Revitalisasi Sifat Kepahlawanan
Bung Karno, Bung Hatta, Sjahrir, Hamka, dan Natsir adalah segelintir pahlawan yang telah berjasa besar dalam kemerdekaan kita. Tidak hanya mereka saja, namun ada juga para pejuang daerah yang namanya tidak terlalu familiar tapi berjasa besar bagi bangsa. Di Bogor misalnya, ada K. H. Soleh Iskandar. Namanya telah diabadikan sebagai nama jalan protokol. Perjuangannya di kota Bogor juga patut diapresiasi. Belum lagi K. H. Tubagus Muhammad Falaq yang merupakan kyai nasionalis-religius.

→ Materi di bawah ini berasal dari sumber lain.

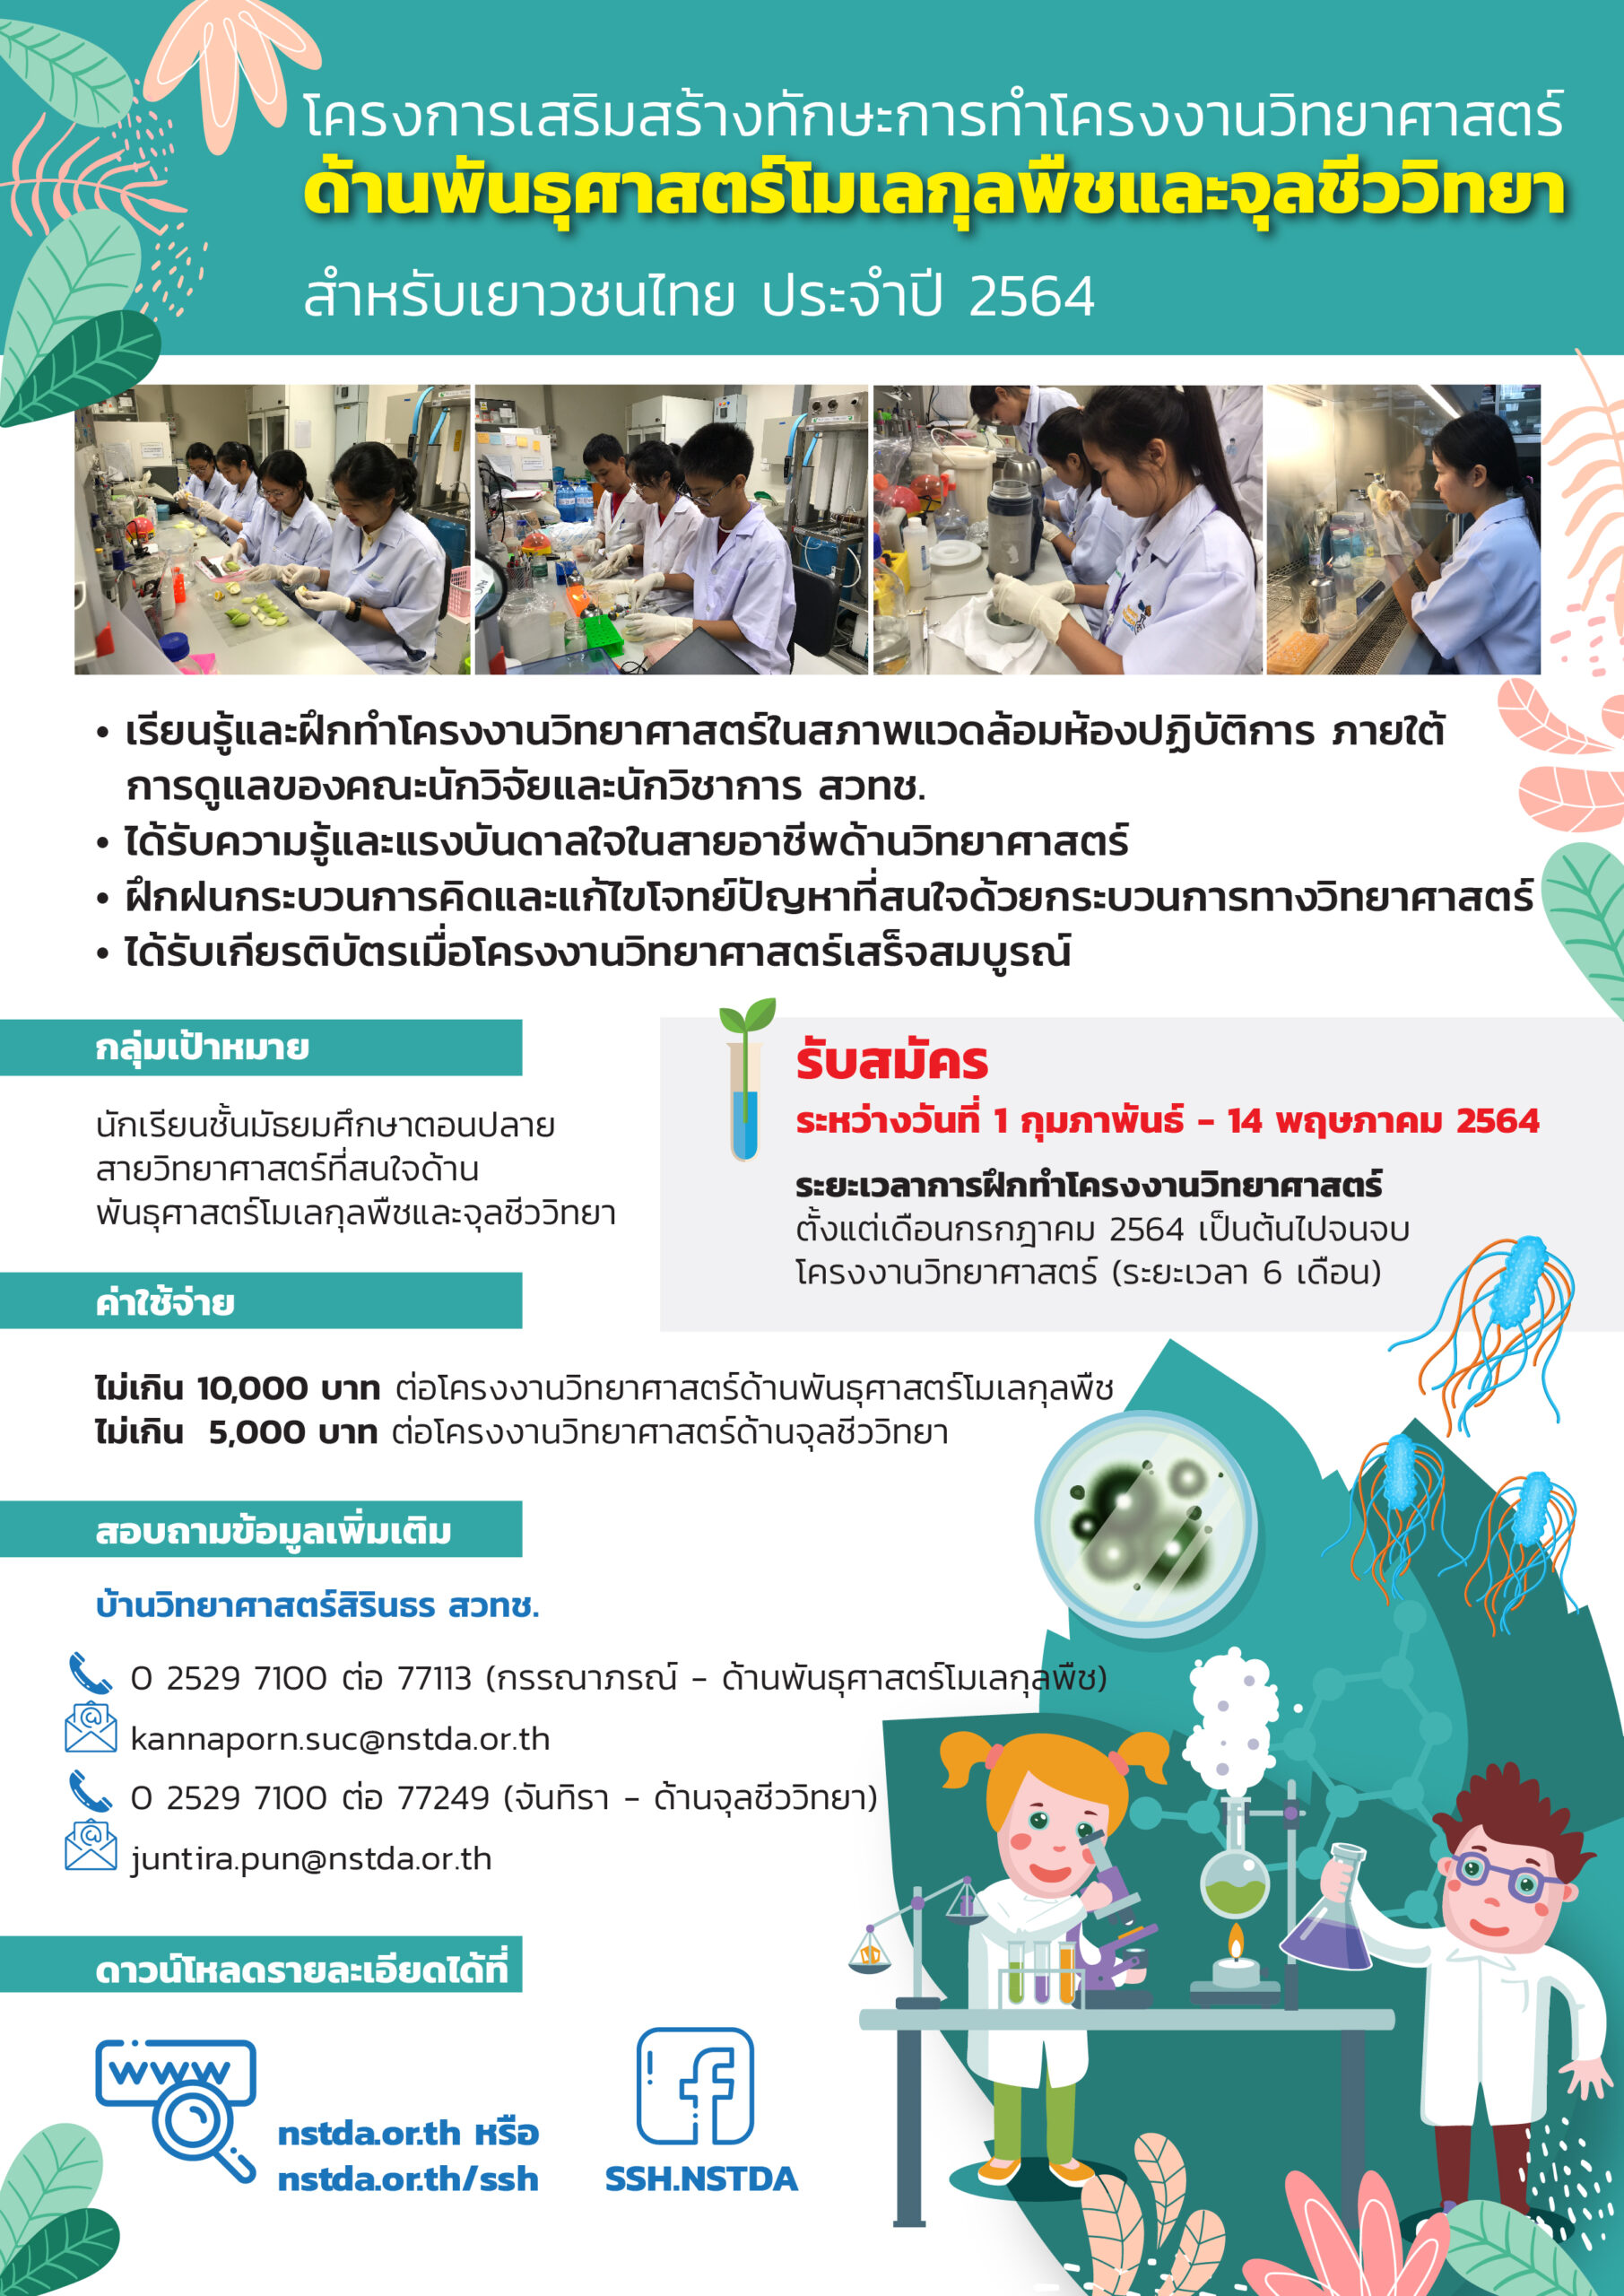 โปสเตอร์ โครงการเสริมสร้างทักษะการทำโครงงานวิทยาศาสตร์ด้านพันธุศาสตร์โมเลกุลพืชและจุลชีววิทยาสำหรับเยาวชนไทย ประจำปี 2564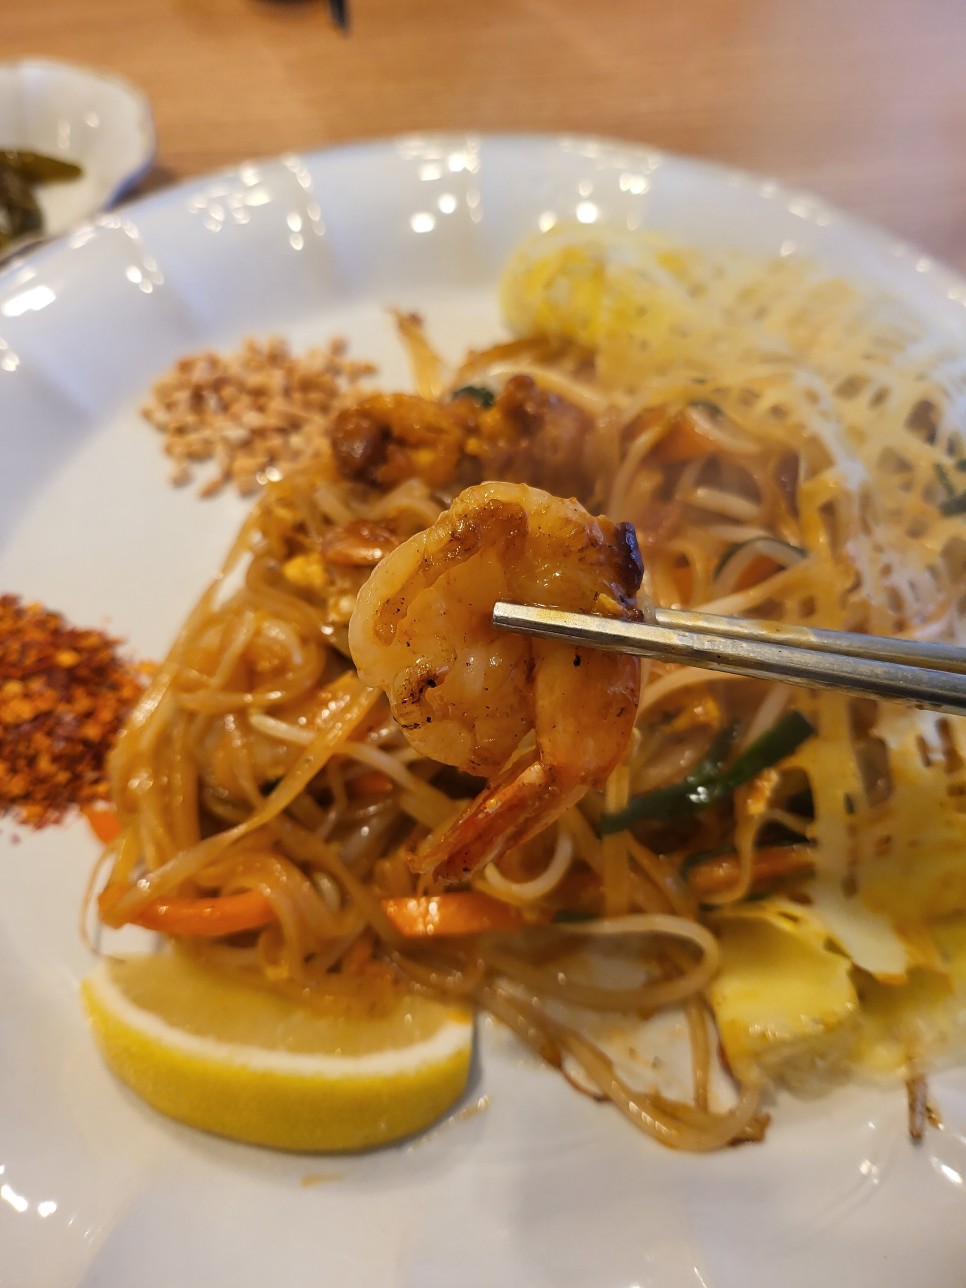 송파 석촌호수 맛집 술먹은 다음날 해장하기 딱 좋은 쌀국수 방콕언니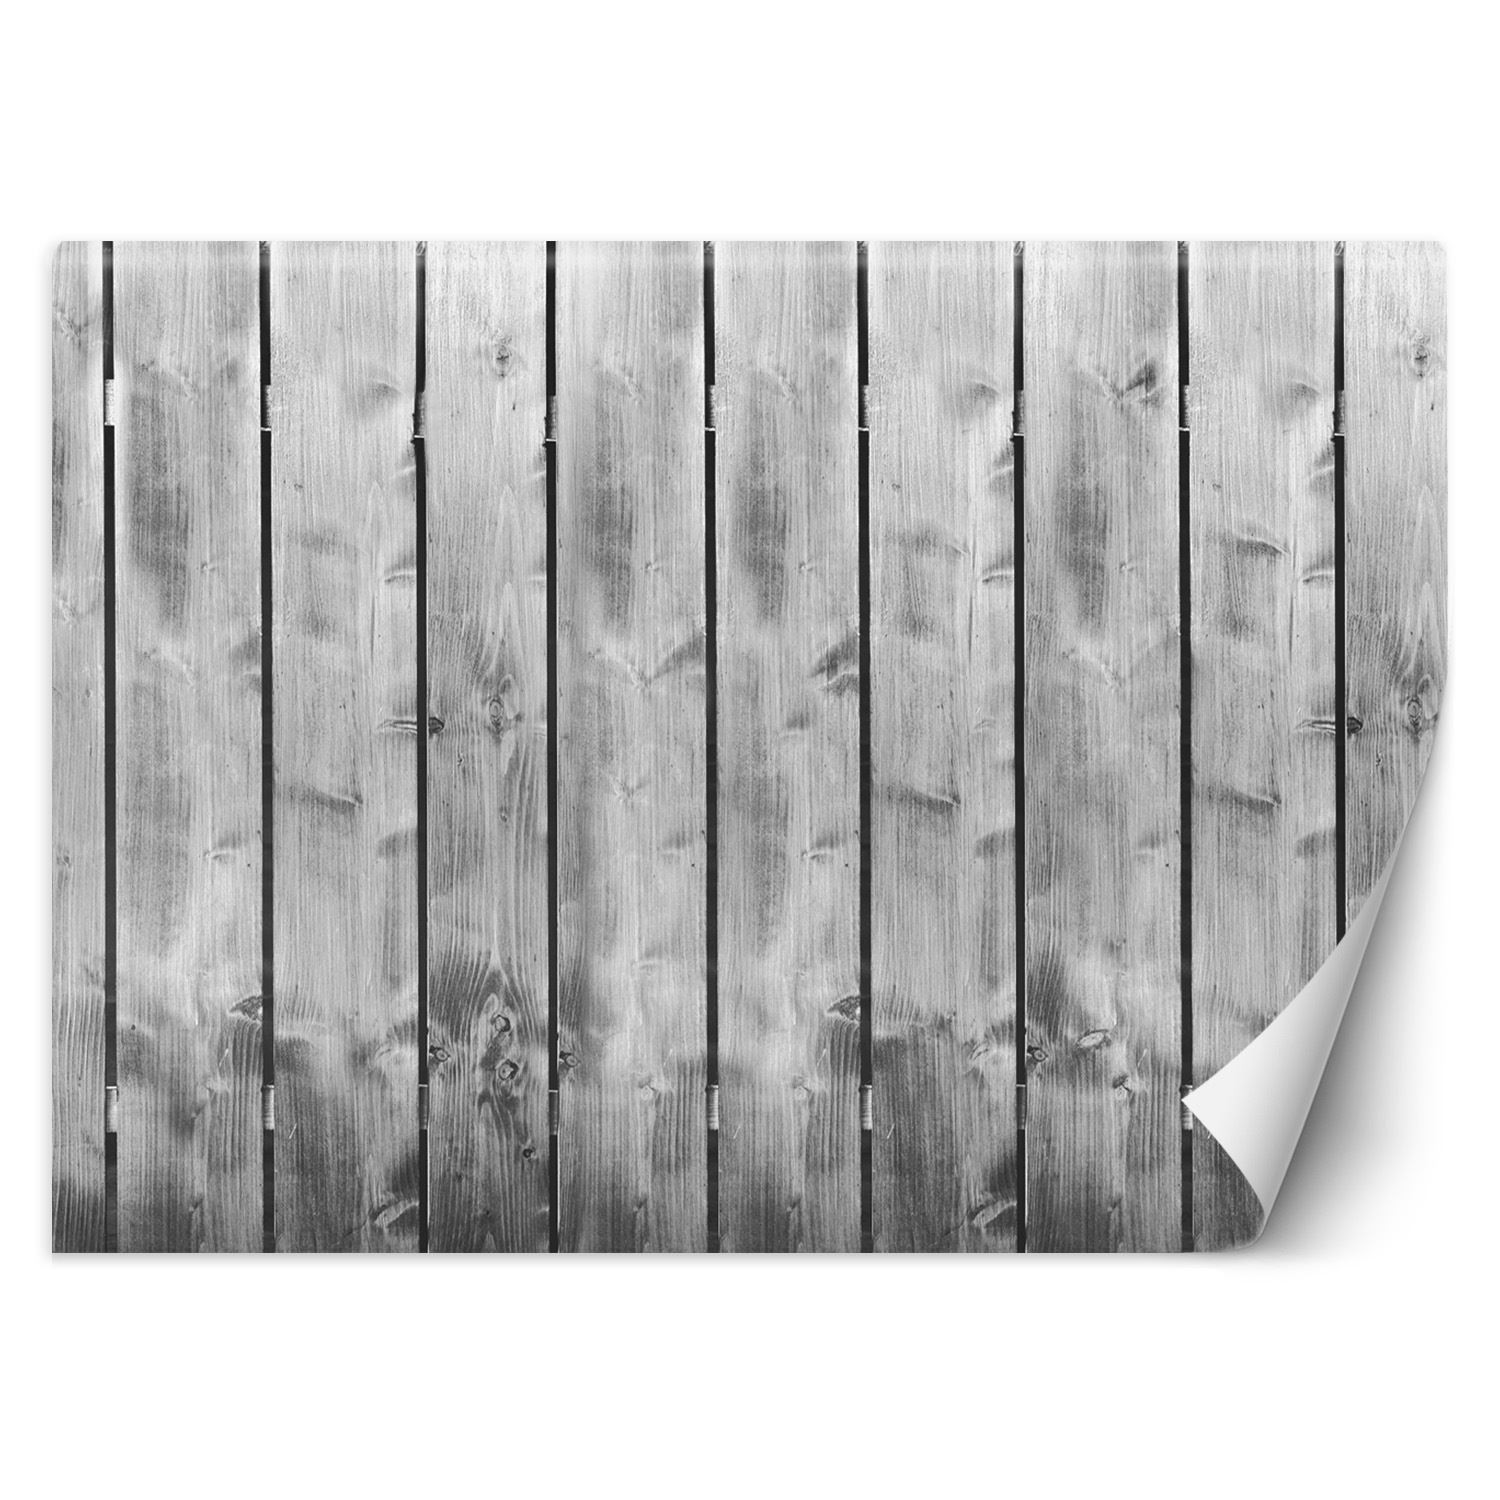 Trend24 – Behang – Plankpatroon – Behangpapier – Behang Woonkamer – Fotobehang – 250x175x2 cm – Incl. behanglijm

Bahkan dua nama (dengan K.H. Abdullah Nuh juga) diajukan oleh Bima untuk diberi gelar pahlawan.
Tak ayal, semua nama-nama ini punya jasa dan jejak kepahlawanannya. Perjuangan serta pemikiran mereka meletakkan fondasi bagi Negara Kesatuan Republik Indonesia, baik secara eksplisit maupun implisit. Mereka telah tiada memang, tapi semangatnya tetap terwariskan kepada generasi selanjutnya. Atau benarkah demikian?
Kita harus lihat dua sisi. Pertama, melihat kasus ke belakang, masyarakat kita seakan mengendur semangatnya untuk berkontribusi merawat Indonesia. Mulai dari kasus intoleransi, korupsi, kriminalitas, dan masih banyak lagi. Terlebih lagi, adanya hoaks yang berusaha memecah belah rakyat kita dengan sajian informasi yang terlihat benar namun penuh dengan kepalsuan. Kita pun bertanya-tanya, apakah semangat founding fathers kita tidak terwariskan?
Namun, di sisi lain, ada semacam revitalisasi terhadap semangat juang yang diwariskan oleh para pahlawan kita. Dan, fenomena ini sangat jelas terlihat ketika masa COVID-19. Banyak yang berinisiatif menggalang donasi, menyediakan kanal informasi, dan juga menyebarkan pesan semangat. Semua itu dilakukan dengan mengandalkan teknologi. Tapi Yang terpenting, di masa ini, rakyat Indonesia menunjukkan sifat kepahlawanan dan solidaritas dengan jalur yang bervariasi.
Sehingga, semangat kepahlawanan tidak lagi hanya mengenang jasa pahlawan melalui lagu seremonial di sekolah atau demonstrasi di jalanan. Meksipun, itu juga menunjukkan kerelaan berkorban kita. Namun, dengan banyak cara, kita telah mewarisi semangat juang para pahlawan Indonesia.
Melalui komunitas misalnya, di Bogor ada banyak anak muda yang meluangkan waktu, pikiran, dan tenaganya bahkan materi untuk kepentingan publik. Misalnya Bogor Mengabdi dan organisasi penulis ENERGI Bogor. Meskipun corak pergerakan berbeda, tetapi satu niat dan satu nafas, yakni kepentingan kota tercinta.
Pada intinya, ada banyak bentuk ekspresi untuk menunjukkan kontribusi terhadap bangsa. Yang paling penting, apa yang kita lakukan ini berdasarkan hati nurani dan juga kompetensi yang dimiliki. Tidak perlu sama bentuk kontribusinya karena manusia dilahirkan dengan beragam potensi. Semakin beragam kontribusi, maka semakin baik.